Starting up

Before we start, you’ll need to open a new script in RStudio. Scripts aren’t necessary (it’s possible to just run R through the command line), but they are very helpful for remembering what you’ve learned or done.

One nice feature of RStudio is that it allows you to organize your scripts and files by “projects”, which is a useful way to maintain your scripts and not lose any of your hard work. For this mini-course, we’ll be using projects to orgainze our stuff.

insert r project img

Each script takes up minimal space on your computer. For the sake of project replication, it is much better to write new scripts for different aspects of a project than to overwrite a single script. This way when you come back to the project a month later, all you have to do is open up the script and run it (instead of figuring out what you were trying to do all over again).

To get started, select File > New File > R Script. We’ll name it now, with a name that is meaningful and will be easily understood by Future You. This is not as easy as it might seem! See Hadley’s style guide for some excellent and accessible style guidlines. I’ll name the file 1-basics.R, since it’s the first day of the mini course, and it’ll be covering some basics. I already have my R Mini Course project open, so this new script is automatically saved to that project.

Keeping code readable with comments

In R, you can (and should!) write comments in your scripts, to remind yourself why (not how) you’re doing what you’re doing. Comments are mainly to help Future You remember what is what in your script. Anything written after the # and before the next line break will be commented out and not evaluated by R. Comments can go on their own lines or at the end of a short line - whichever is most readable.

example_vector <- c(1, 2, 3)   # Make a vector containing the values (1, 2, 3)

Don’t be alarmed if you don’t know what that code snippet means - we’ll come back to it a little later in this lesson.
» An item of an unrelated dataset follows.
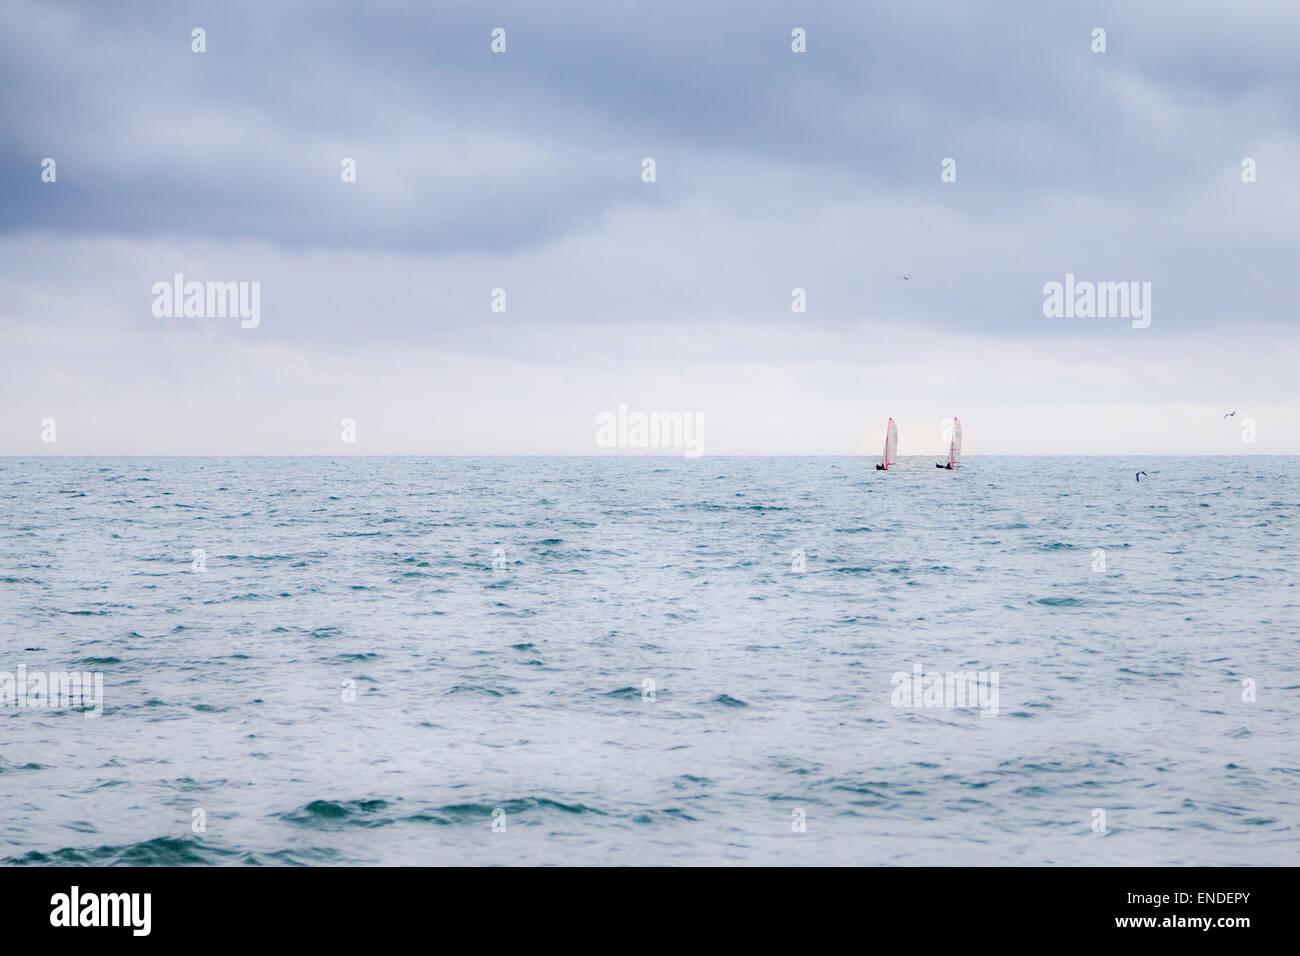 Deux sauts de voile sur l'horizon, regardez tout petit sur l'océan sous un grand ciel noir. Photo Stock

Comments are also used to help separate parts of a longer script into smaller sections. RStudio automatically turns these lined comments into a navigation tool.

## Load data ==============



## Plot data ==============

As we go through the mini course, feel free to take notes right in your R scripts by making use of #! This way you’ll have everything in one place.

Simple operations in R

R as a calculator

A great starting point for thinking about R is that it’s like a calculator. When you type something into the prompt (the line starting with > below in the R Console), R will evaluate it and print out the answer. With basic math, this means that R functions as a calculator. Try it out on your own!

6 + 7 
## [1] 13
((2)^4 / 12) * 3
## [1] 4

Below is a table showing some of the basic mathematical operations that you can do in R:

Simple Operations Means
+ add
- subtract
* multiply
/ divide
^x raised to the x

Logical Operators

In addition to basic math, R can also evaluate the truth value of an operation. These expressions return a “logical value” (either TRUE or FALSE). TRUE and FALSE are also known as “boolean” values.

Some logical operations are shown below:

Operations Means
== exactly equal to
> greater than
< less than
>= greater than or equal to
<= less than or equal to

We can try it out:

1 < 3
## [1] TRUE

When evaluating whether two values are equal, we need to use a double equal sign:

1 + 1 == 4
## [1] FALSE

Variables

In R, you can store your values into a variable. This allows you to access it later without having to actually remember the value. To assign a value to a variable, we use the assignment operator <-.

Types of variables

There are different types of variables.

Numbers

x <- 42
y <- 10

Once variables have been assigned a value, you can use the variables in expressions in place of the underlying values:

x + y
## [1] 52
x > y
## [1] TRUE

Characters

Variables don’t have to be numerical values! We can also assign characters to a variable, or strings (a sequence of characters). Make sure to put your character strings in "" or '', otherwise R will try to evaluate it as a variable.

a <- "Hello"
b <- "world!"

We can now use these variables in the same way, and ask R to evaluate some expressions about them.

a == b
## [1] FALSE
a < b
## [1] TRUE
R uses the number of characters in the string to evaluate a > b. Since "world! has 6 characters and Hello" has only 5, a < b is true.
Edit:

R uses the alphabet to evaluate a > b:1

"abc" > "z"
## [1] FALSE

Boolean

This is a programming word meaning TRUE or FALSE (binary). Above, R produced boolean values as the outputs of some operations (e.g. a < b). Boolean values can also be stored as variables.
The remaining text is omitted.